When, if ever, can the government effectively prevent a criminal defendant from using their legitimate assets to hire a lawyer? That’s the fundamental question that the Supreme Court confronts in Luis v. United States—a question that implicates the integrity of the criminal justice system. The Court should squarely hold that the government cannot “freeze” legitimate assets a defendant needs to hire the advocate he or she believes will best represent them at trial, simply because there is probable cause to believe that the defendant has committed a crime.
In 2012, the federal government charged Sila Luis with conspiracy to commit Medicare fraud. The scope of the alleged fraud was staggering—over $45 million, stemming from claims for home health services that were neither medically necessary nor actually performed. The government invoked the Fraud Injunction Act, a federal statute that authorizes a “restraining order” against assets when a person is “alienating or disposing of property, or intends to alienate or dispose of property” that is “obtained from” or “traceable to” certain federal offenses.
In such cases, § 1345(a)(2)(B) permits a court to prohibit the use of either tainted property “or property of equivalent value” before trial in order to ensure that sufficient assets are available to satisfy any judgment. But rather than just freeze the allegedly tainted property, the federal government asked the district court below to freeze all of Luis’s assets, including those that were not even allegedly obtained through fraud. The district court did so.
It is highly questionable whether the Fraud injunction Act authorizes the restraint of all of Luis’s assets. As an amicus brief filed by Americans for Forfeiture Reform points out, the relevant statutory provisions are written in the present tense, strongly suggesting that the statute is designed “to stop fraudulent conduct before or while it is happening.”
The district court, however, concluded that Luis “has alienated or disposed of property, and unless enjoined could continue to alienate or dispose of property,” without any evidence that she either was presently doing so or intended to do so in the future.

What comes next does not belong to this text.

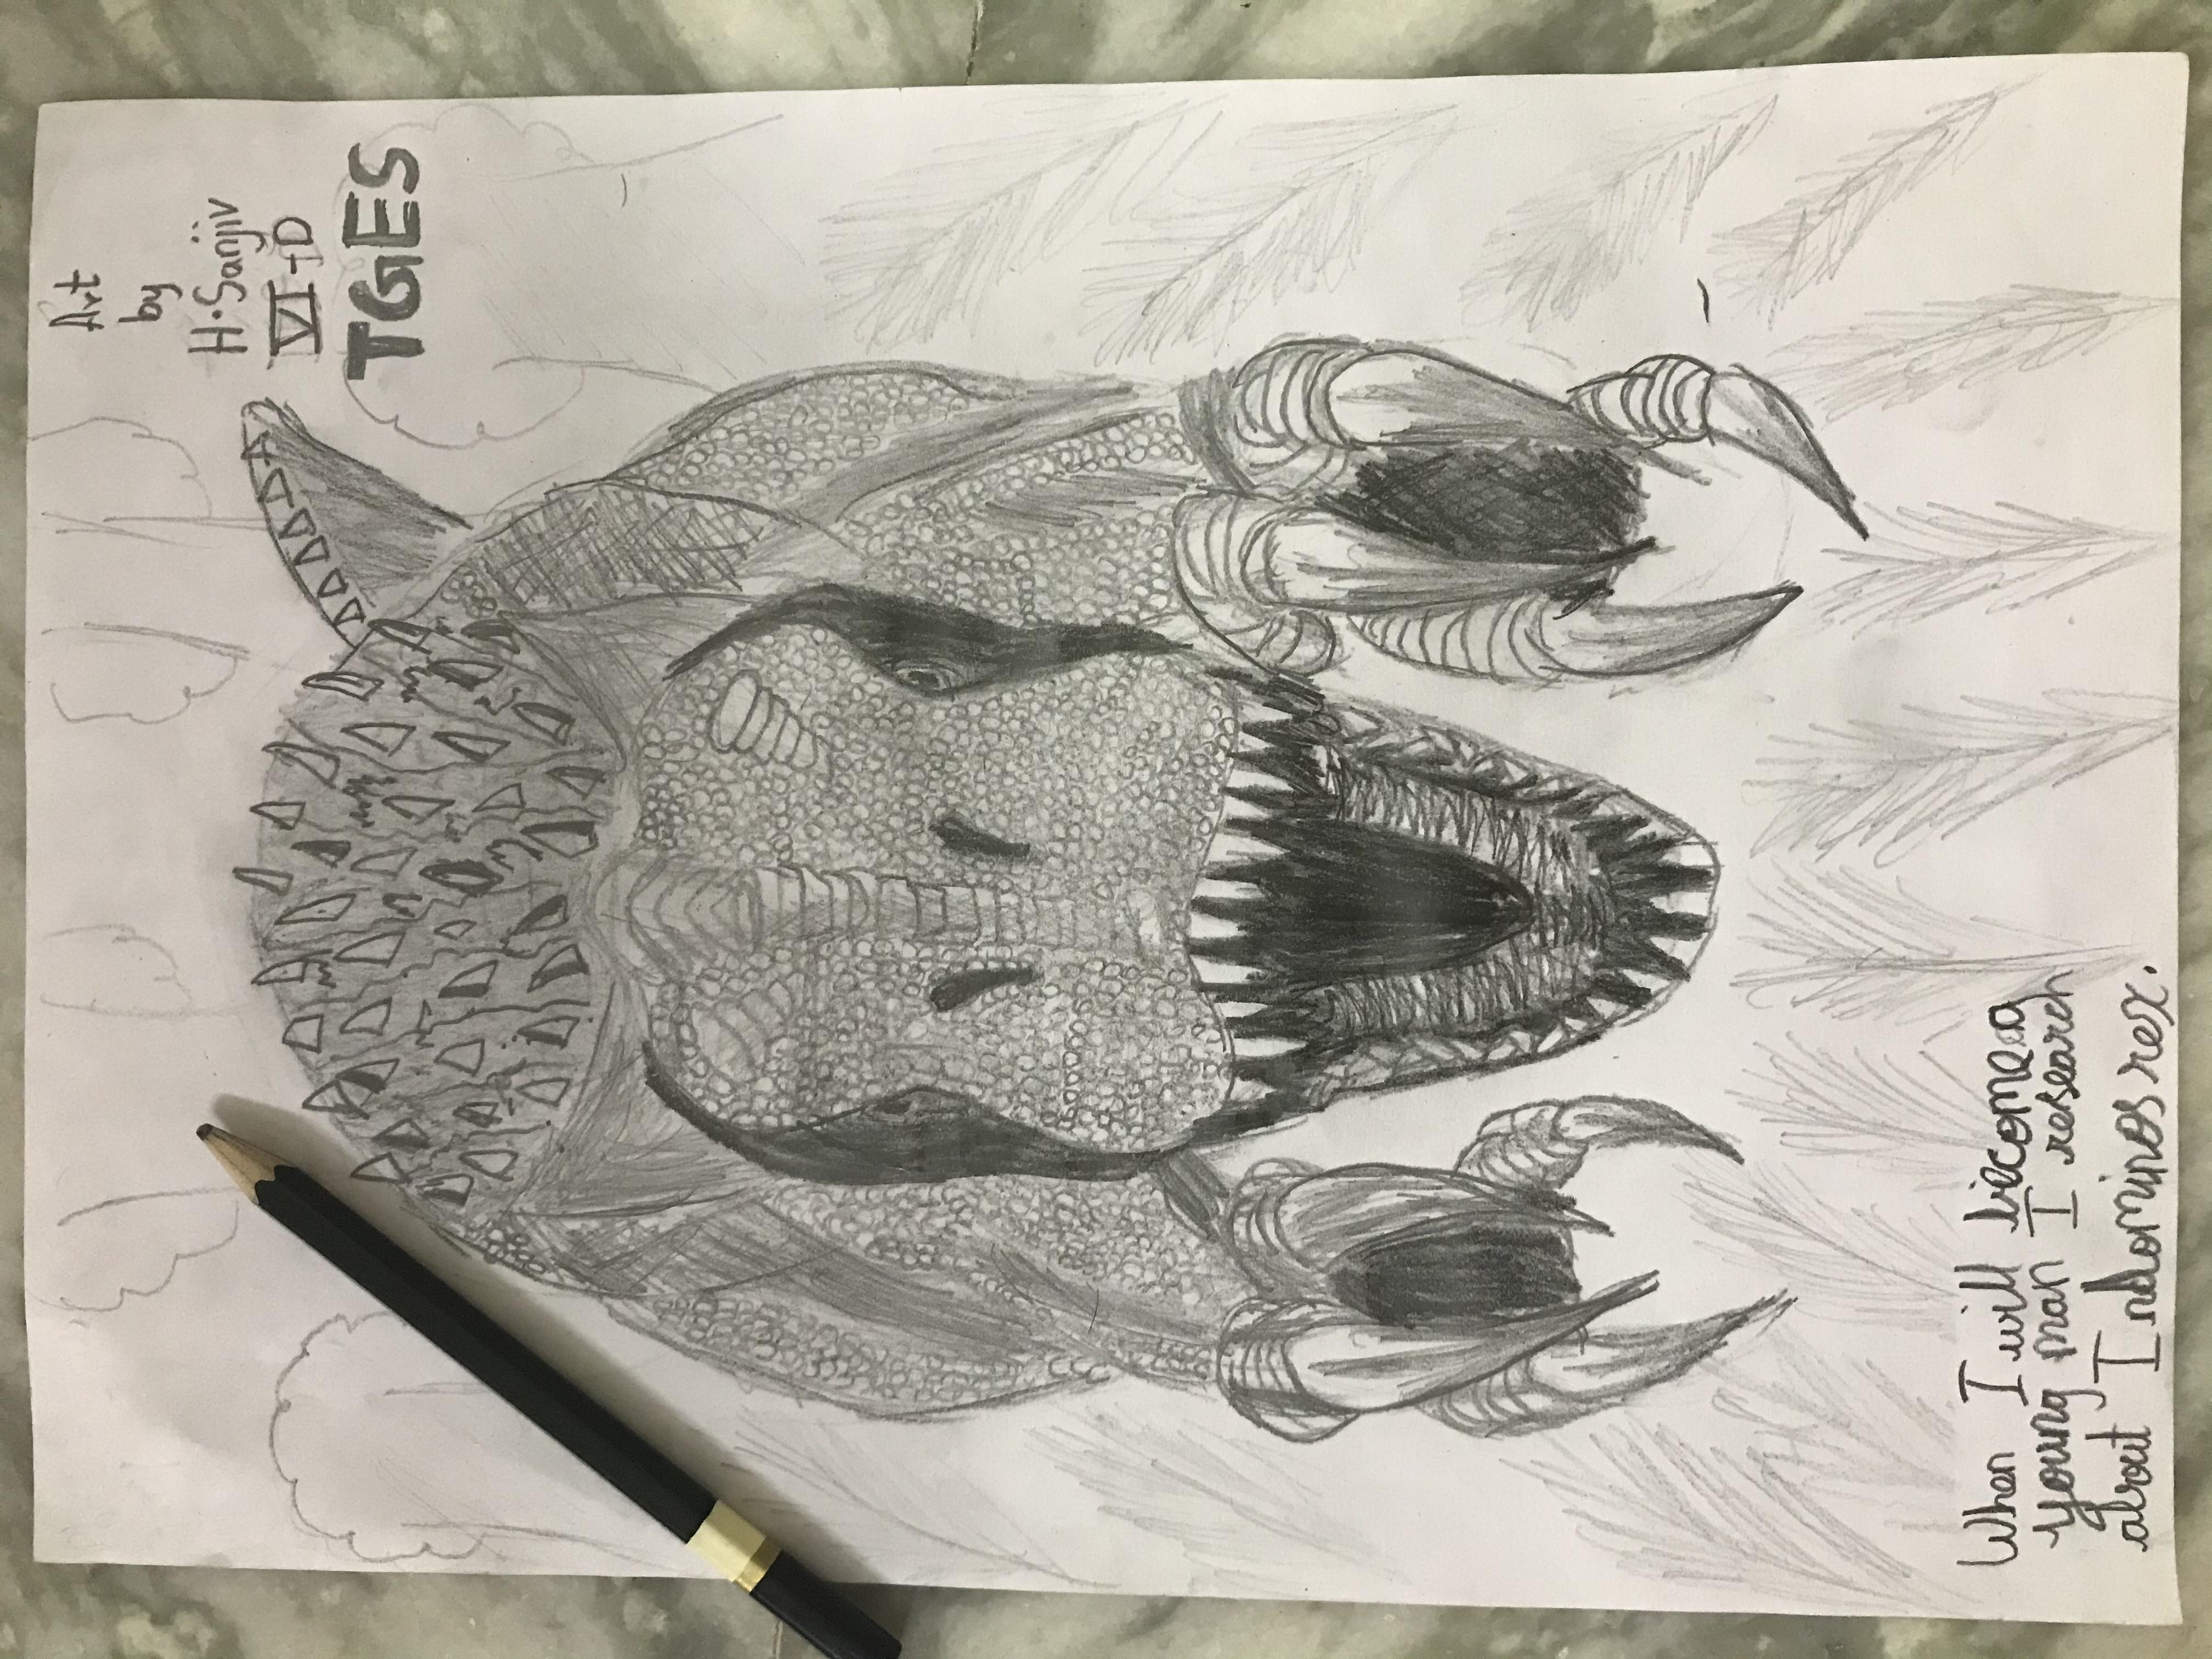 Sanjiv Sketches Indominus Rex

Further, to freeze Luis’s property under § 1345(a)(2), the district court had to identify the property presently held by Luis that was “obtained from” or “traceable to” Luis’s alleged fraud. The district court did not analyze Luis’s current holdings. Instead, the district court focused only on the fact that Luis’s alleged health care offenses “resulted in $45 million of improper Medicare benefits being paid,” and imposed a $45 million freeze on all of her property, including $15 million of concededly legitimate assets. True, the district court could have concluded that $15 million was “property of equivalent value,” but not without identifying the presently-held tainted property that it was equivalent to. Nonetheless, Luis’s assets were frozen.
Luis then requested that the court release untainted assets that she could use to retain a lawyer. The request was refused. The district court’s reasoning, simply stated, was that money is fungible—as an alleged bank robber is not entitled to use money that he is said to have stolen to pay his lawyer, neither should he be able to spend the bank’s money and then use other money at hand to pay his lawyer.